Under normal circumstances, we do not recommend a whole-house reverse osmosis system.  This is because one doesn't normally need water of such high purity for uses such as bathing, flushing the toilet, cleaning, etc.  In addition, if you remove most of the Total Dissolved Solids ("TDS") from water -- as reverse osmosis does -- the water can slowly dissolve copper pipes.  Although there are ways around this (such as adding a phosphate cartridge or increasing the TDS), this would make your water less pure.

        If your water has been treated by the government, it probably does not have bacteria in it.  However, the water still has a lot of junk in it which can coat your water pipes and damage your washer.  If you want to screen out this junk, we recommend a sediment filter which can be installed in your water pipe at the point where it enters your house.  The particular filter we recommend is called a 20" long (4.5" diameter) Dual Gradient Density filter.  The outer layers of this filter screen out particles over 50 microns in size, and the inner layers screen out particles over 5 microns in size.  The filter costs $35, and the filter housing, bracket, screws, and wrench cost $70.  (Remember, this would merely give you filtered water, not reverse osmosis water.)

        In addition to the sediment filter, you could also add a carbon filter to remove chlorine and organic chemicals from your water.
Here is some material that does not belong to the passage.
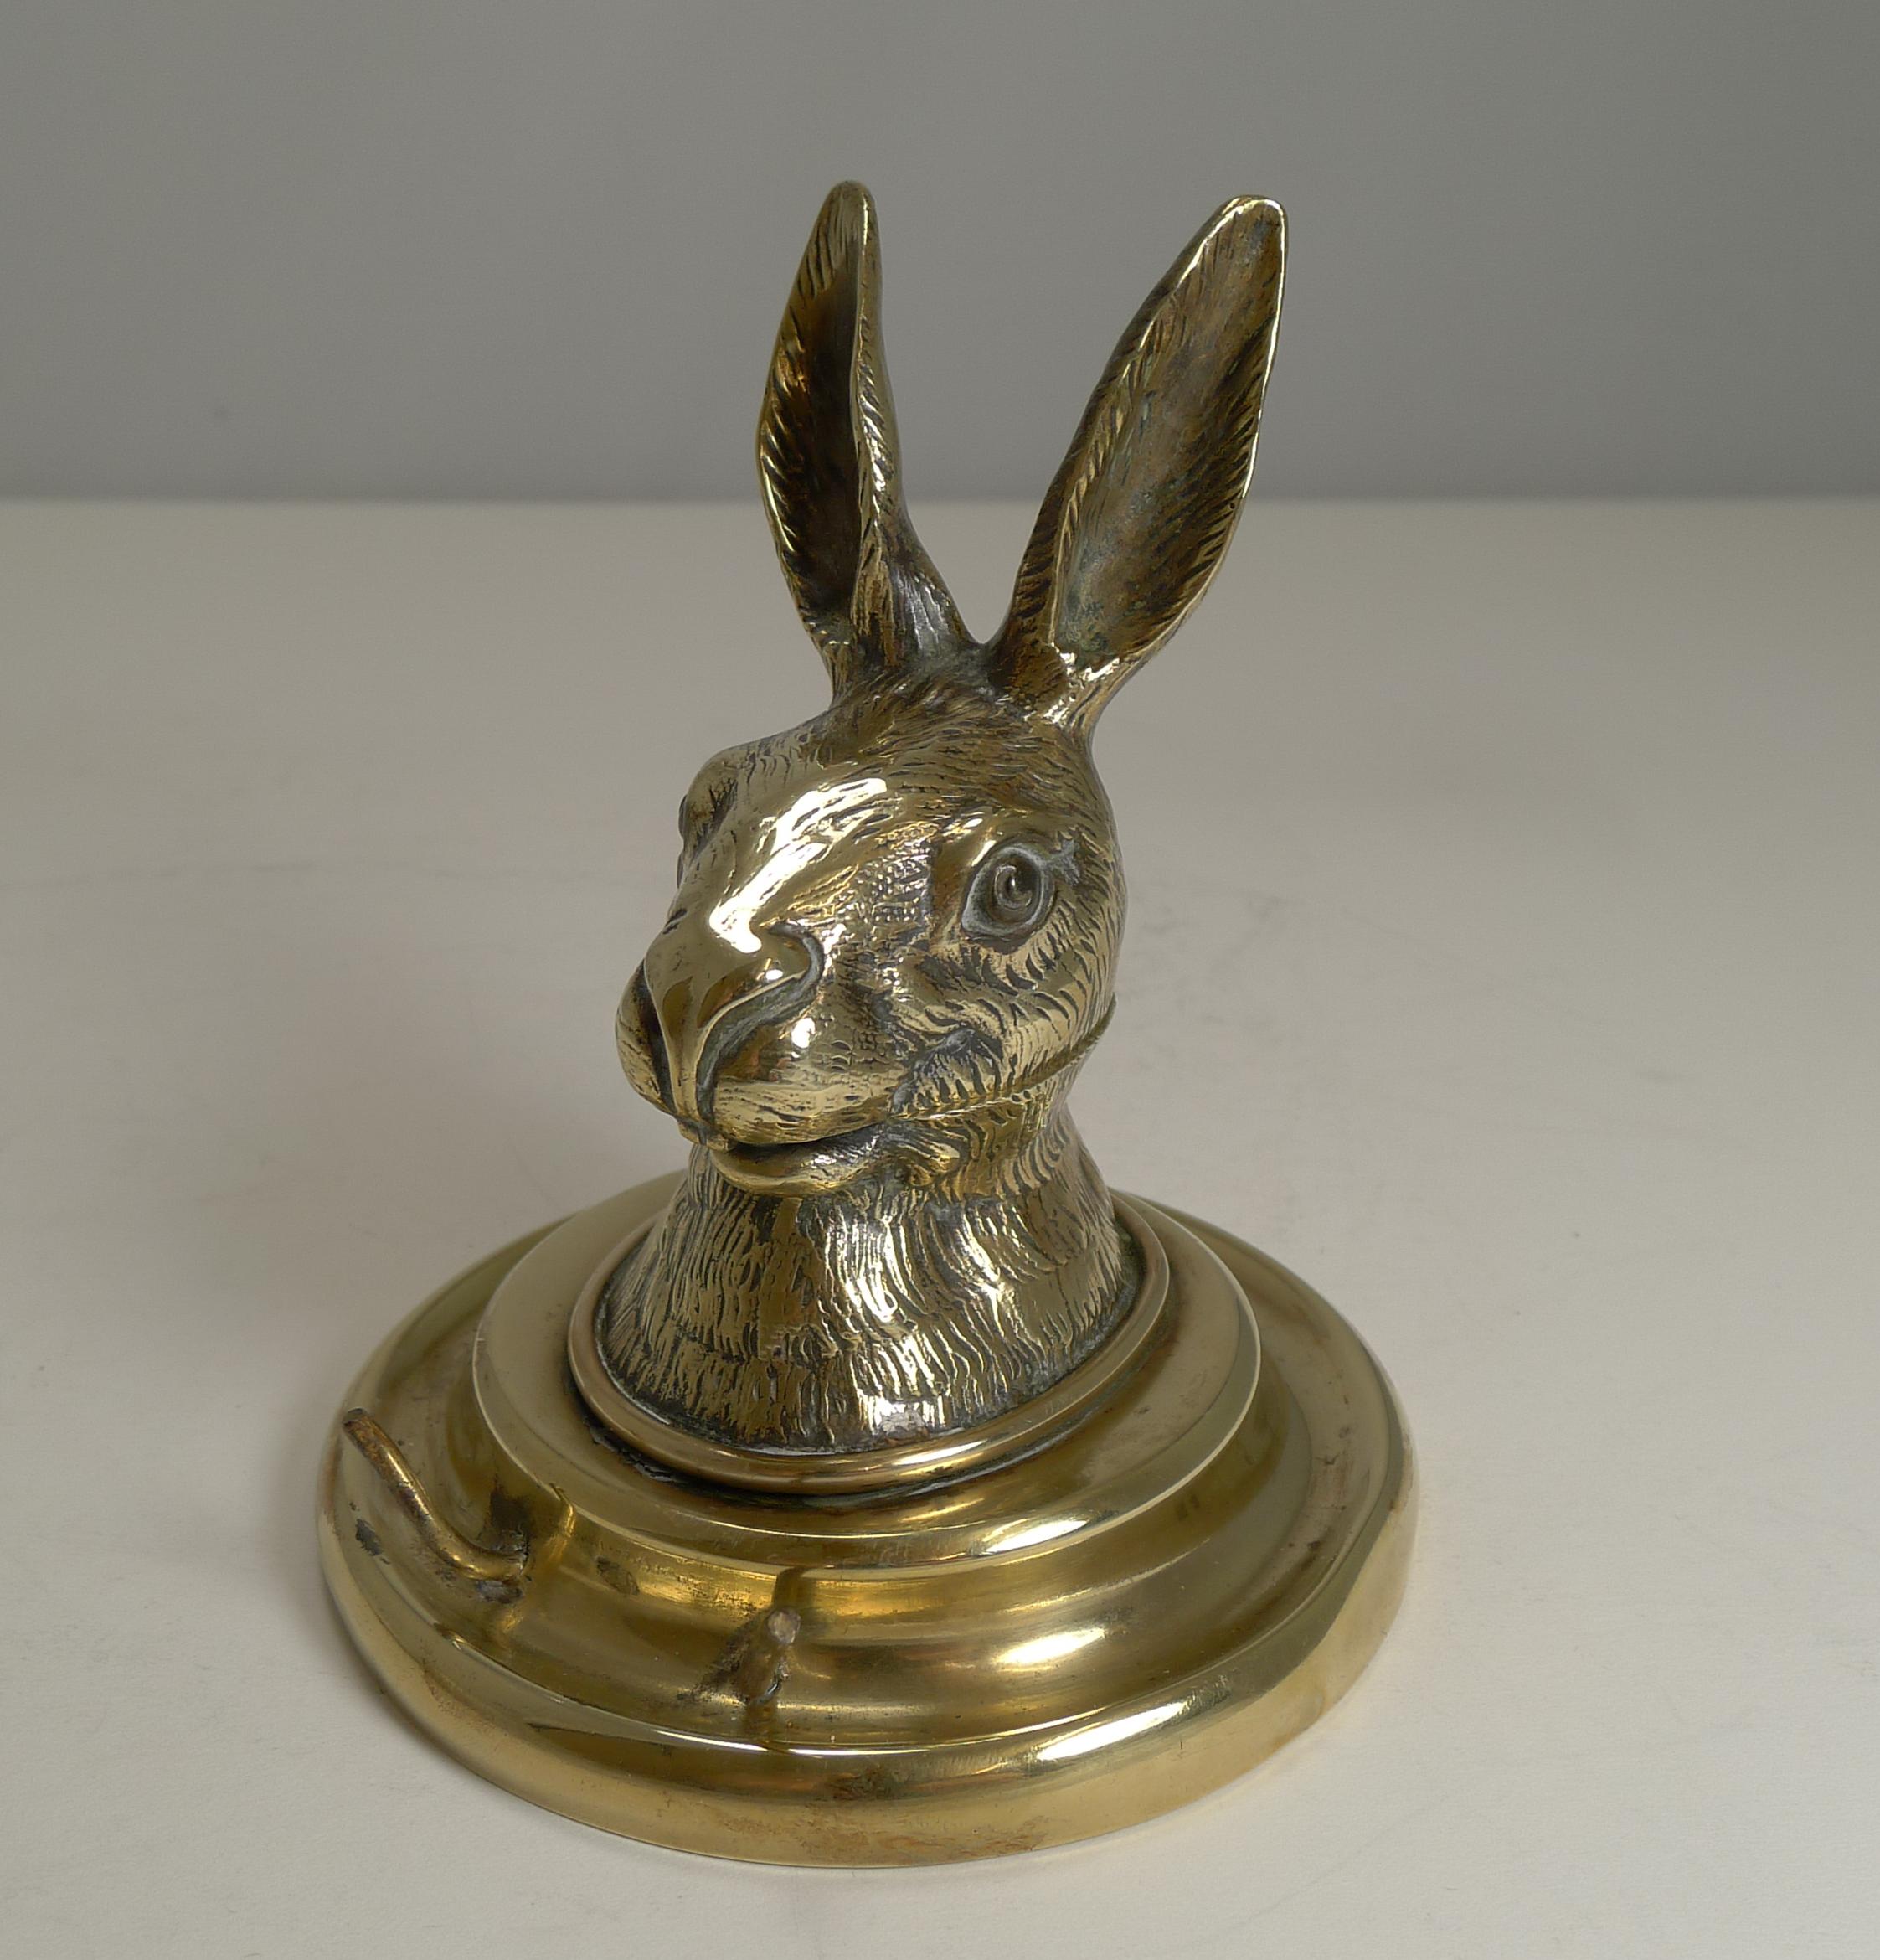 Antique English Novelty / Figural Brass Inkwell - Hare c.1880 In Good Condition For Sale In Bath, GB

The carbon filter can be installed after the whole house sediment filter.  The particular filter we recommend is called a Matrikx CTO/2 filter.  It is a 10 micron filter which is good for 26,000 gallons of chlorinated water.  Since the average person uses 70 gallons of water per day, it should be changed every 6 months for a two-person household, every 4 months for a three-person houshold, and every 3 months for a four-person household.  The filter is 20" long and 4.5" in diameter.  It costs $70, and the filter housing, bracket, and screws cost $70.  (Remember, this still does not give you reverse osmosis water.)

        For drinking, cooking, and ice cubes, you could then install a regular reverse osmosis system under your sink or in your basement.  (You can run 1/4" tubes to more than one sink.)